Have our services really deteriorated recently? Here is the depressing reality.

Bills are skyrocketing, the transport network seems to be at a standstill and the NHS is at its wit’s end – it doesn’t seem like the best summer to be in the UK.

Although the country is trying to return to some form of normalcy as Covid worries fade, there is no doubt that UK services are struggling to get back on track.

But how much have the organizations and services we rely on every day changed in recent years? Here’s a look at some numbers.


After a video of patients waiting up to 1 p.m. for treatment went viral last week, it’s pretty clear that A&E services are completely bogged down.

The number of patients waiting more than four hours to be admitted was 66,933 in April 2019 according to NHS England statistics – by April 2022 this figure had risen to 131,905.

The long list of patients waiting more than 12 hours to be admitted also stood at just 442 in April 2019. Two years later, that figure had risen to 24,138..

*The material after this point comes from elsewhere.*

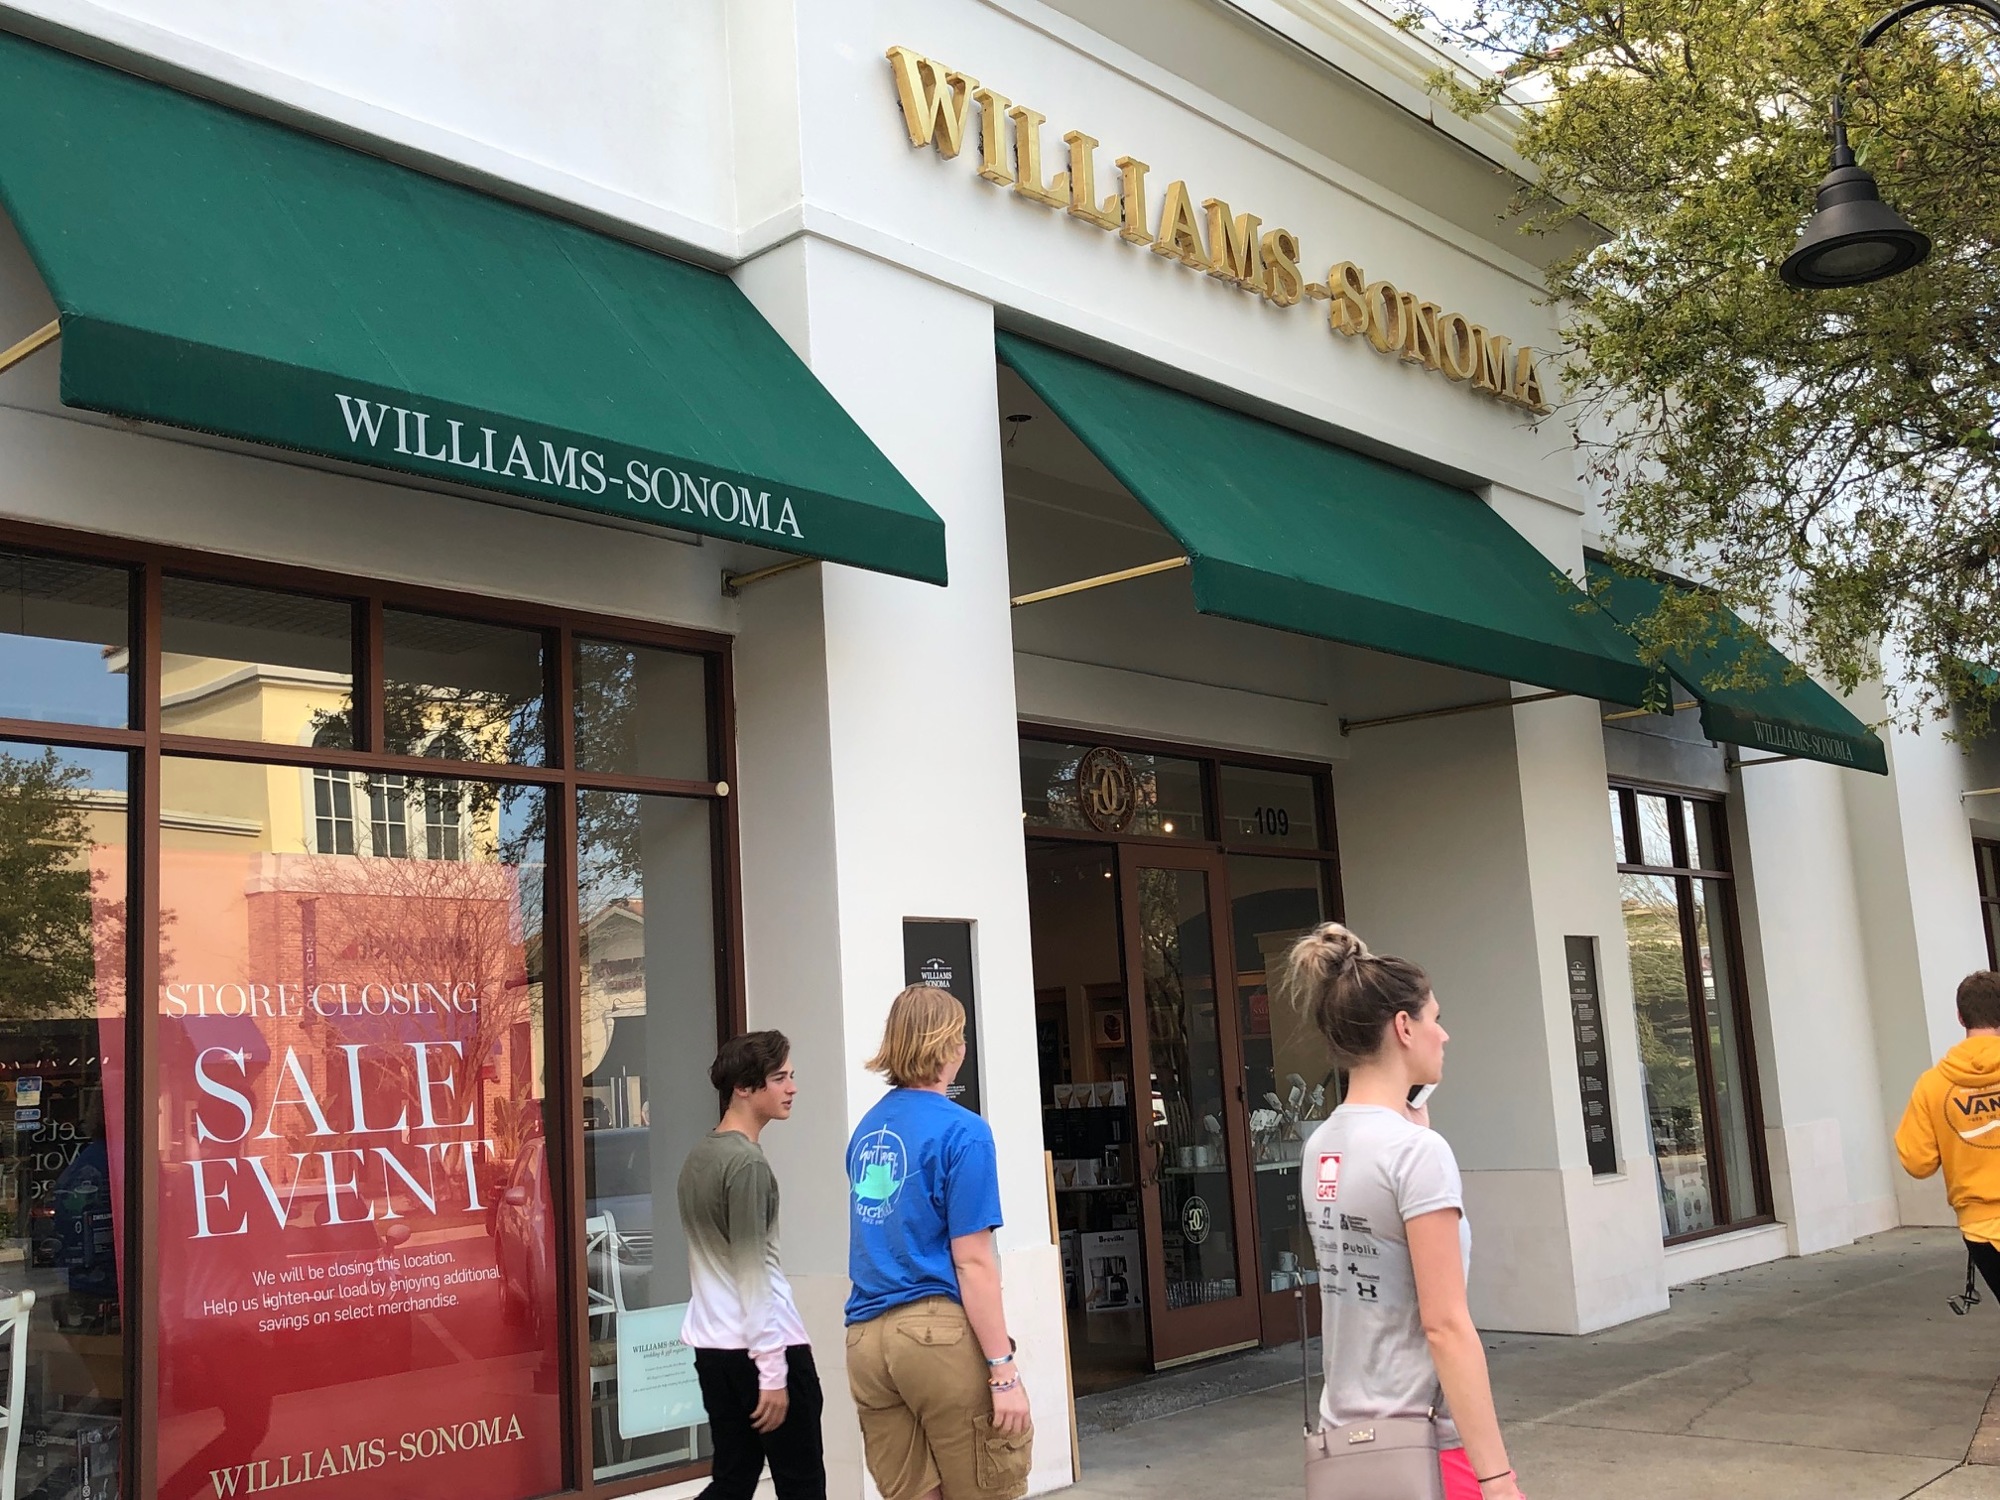 Williams-Sonoma is selling its housewares at a discount in anticipation of shutting its doors at St. Johns Town Center.
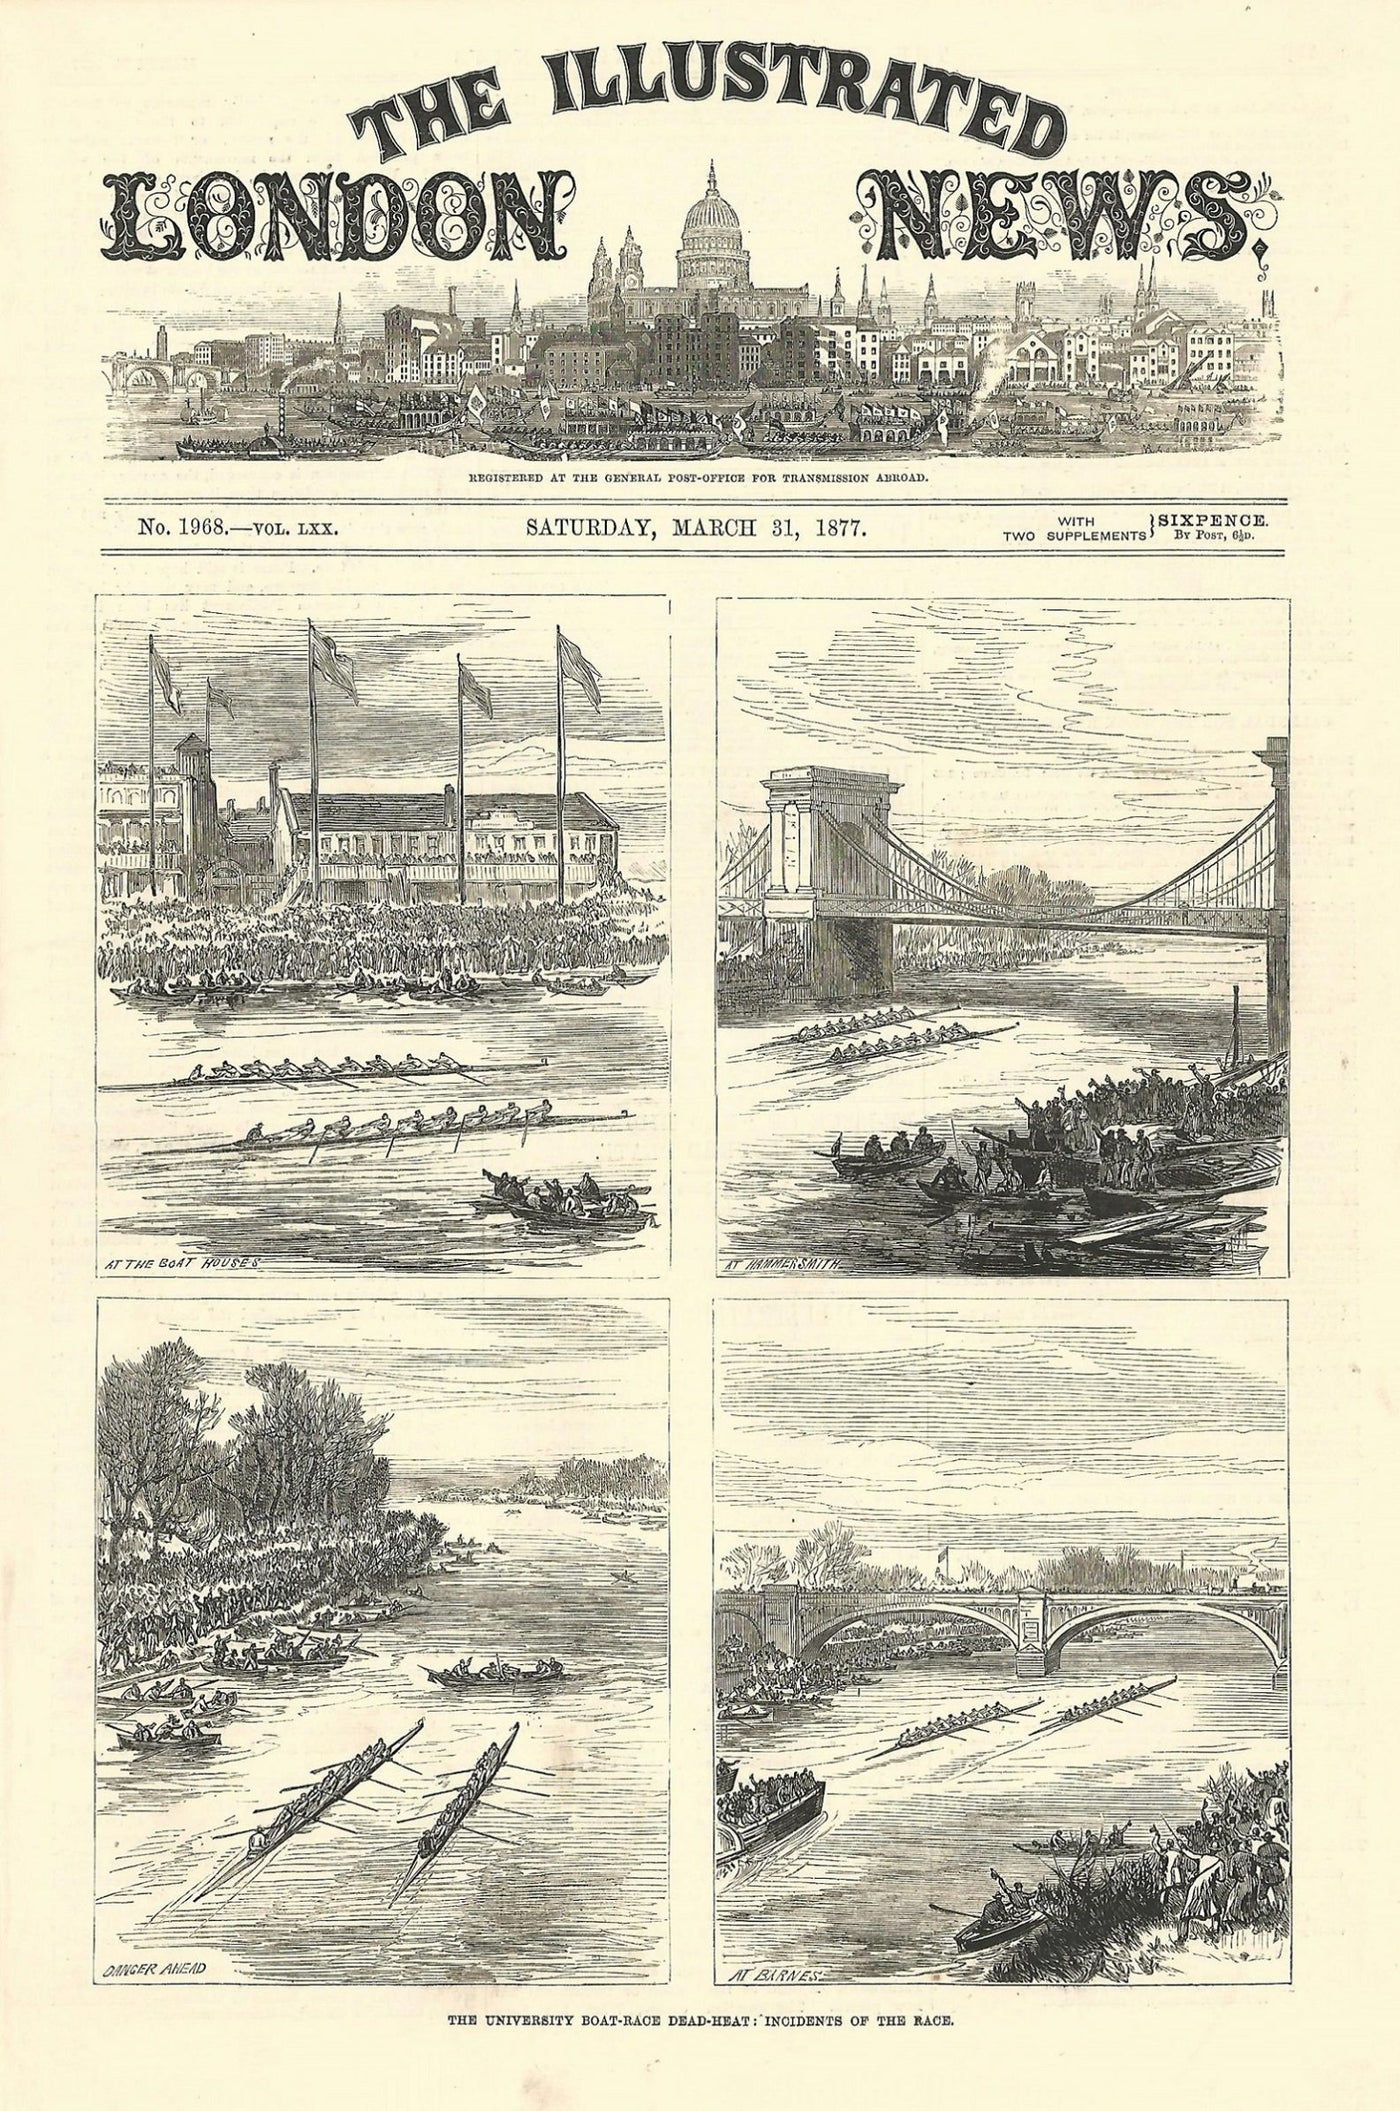 University Boat Race 1877 antique print dated March 1877

It’s not just the A&E department either. Distressing reports emerged on Thursday detailing how a 94-year-old patient had to wait five hours for an ambulance to arrive after he fell. The accident turned out to be fatal.

It shows that on his last call to 999, Kenneth Shadbolt asked, “Can you please tell them to hurry up, I’ll be dead.”

According to data from the Nuffield Trust, ambulance arrival delays for life-threatening calls (which account for a tenth of most calls) have increased significantly over the past three years.

Ambulance trusts must respond to these types of calls within seven minutes. In March 2019, most achieved this goal, but by March 2022 the response time for this had increased to nine minutes and 35 seconds on average.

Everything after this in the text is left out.